If we would have gotten a penny for every time someone has uttered these words, after tasting a tofu dish ala Kuteer, we would be quite a lot richer by now. The fact, that seems to take people by surprise, is that the tofu actually tastes something. Haven’t we all had tofu and kind of been a bit disappointed by the watery “no-taste” coming along with it? We certainly have, but surely it has never happened at home.
The secret to Kuteer’s tofu success lies in the preparation, or to be more precise – in the marination. All tofu we eat, we first let marinate over night. It doesn’t matter how the dish is later prepared, with a sauce or simply pan fried, we always marinate the tofu before using it. Believe me when I say that it matters, it really does make a world of difference in taste.
Kuteer has many different ways of marinating tofu and one of them we’re letting you in on today. This is a recipe that was born in India. Since many years now, Kuteer is involved in the kitchen management at the Osho International Meditation Resort, and this is a dish he created for one of the restaurants there. Kuteer has always been drawn to serve savory dishes with fruit-based sauces, so this recipe began with the idea to combine a Mediteranean marinated tofu with a pear sauce. Balanced with pan fried carrots, gomasio and stir fried red cabbage this tofu dish is nothing less than delicious! One bite in and we knew he’d hit the jackpot with this one.
Kuteer presents this dish as, what I would call, a piece of food art. Of course it’s equally delicious served in a more simple matter so don’t think you need to be a food artist to enjoy this one. We really hope you’ll love this one as much as we do!
4 – 5 medium carrots
1.1 pounds / 500 g tofu
8 sundried tomatoes (if using dry ones, soak for 3 – 4 hours)
3 tablespoons capers
3 tablespoons red wine
3.5 oz. / 100 g sesame seeds
½ cup / 100 ml extra virgin olive oil
7 oz. / 200 g red cabbage
1 teaspoon caraway seeds
1 cup / 120 ml almond milk
Chili pepper, to taste
Salt & pepper, to taste
Tofu (to do on the night before)
Cut tofu into sticks ( 7 – 8 cm long). Blend sundried tomatoes, capers, red wine and salt until smooth. Massage tofu with the mixture and let marinate overnight in the fridge.
Roast sesame seeds with some salt in a frying pan until they pop. Remove from the frying pan and let cool in a bowl. Grind roughly.
Slice onion very thin and place in a frying pan with a little olive oil. When the onion is translucent, add carrots and gomasio (keep some aside for garnishing). Sprinkle with pepper and let cook on medium heat for 10 minutes, or until al dente.

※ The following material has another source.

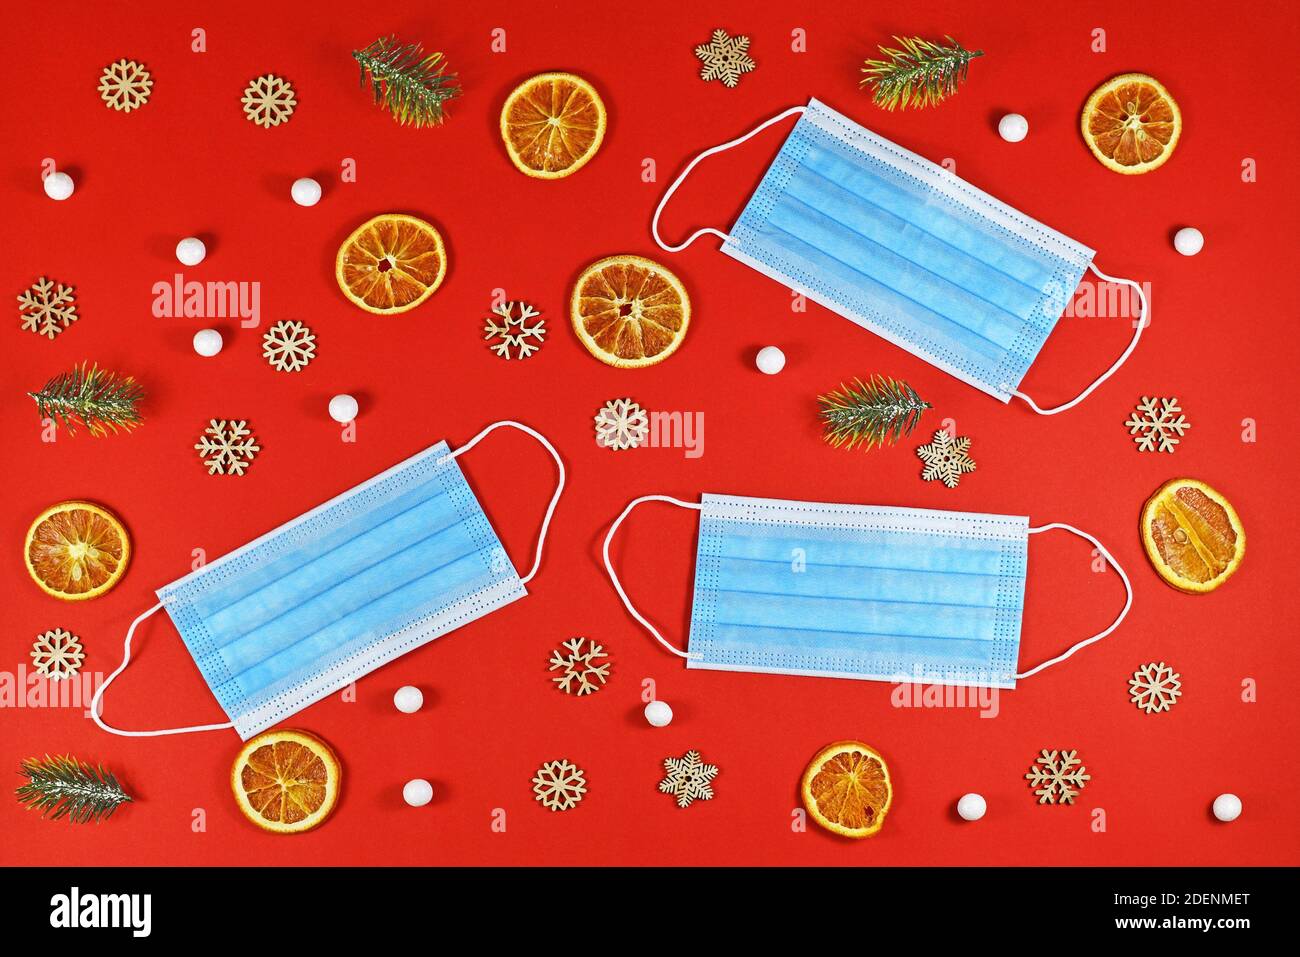 Weihnachten während der Corona Virus Times Konzept mit medizinischer Gesichtsmaske Umgeben von festlichen Weihnachtsornamenten auf rotem Hintergrund Stockfoto

Pan fry marinated tofu until golden.
Toss cabbage, on medium heat, in a frying pan with olive oil and caraway seeds. Taste for salt and pepper. Keep it crunchy.
Peel and seed the pears. Place in a high-speed blender together with almond milk. Blend until smooth and creamy. Place in a sauce pan and let simmer for a few minutes. Taste for salt and pepper.
Place tofu and carrots in alternative layers until you have a total of three layers of tofu and two of carrots. Use three pieces in each layer. Top with red cabbage. Garnish with pear sauce and gomasio. Add a drizzle of olive oil and freshly ground pepper.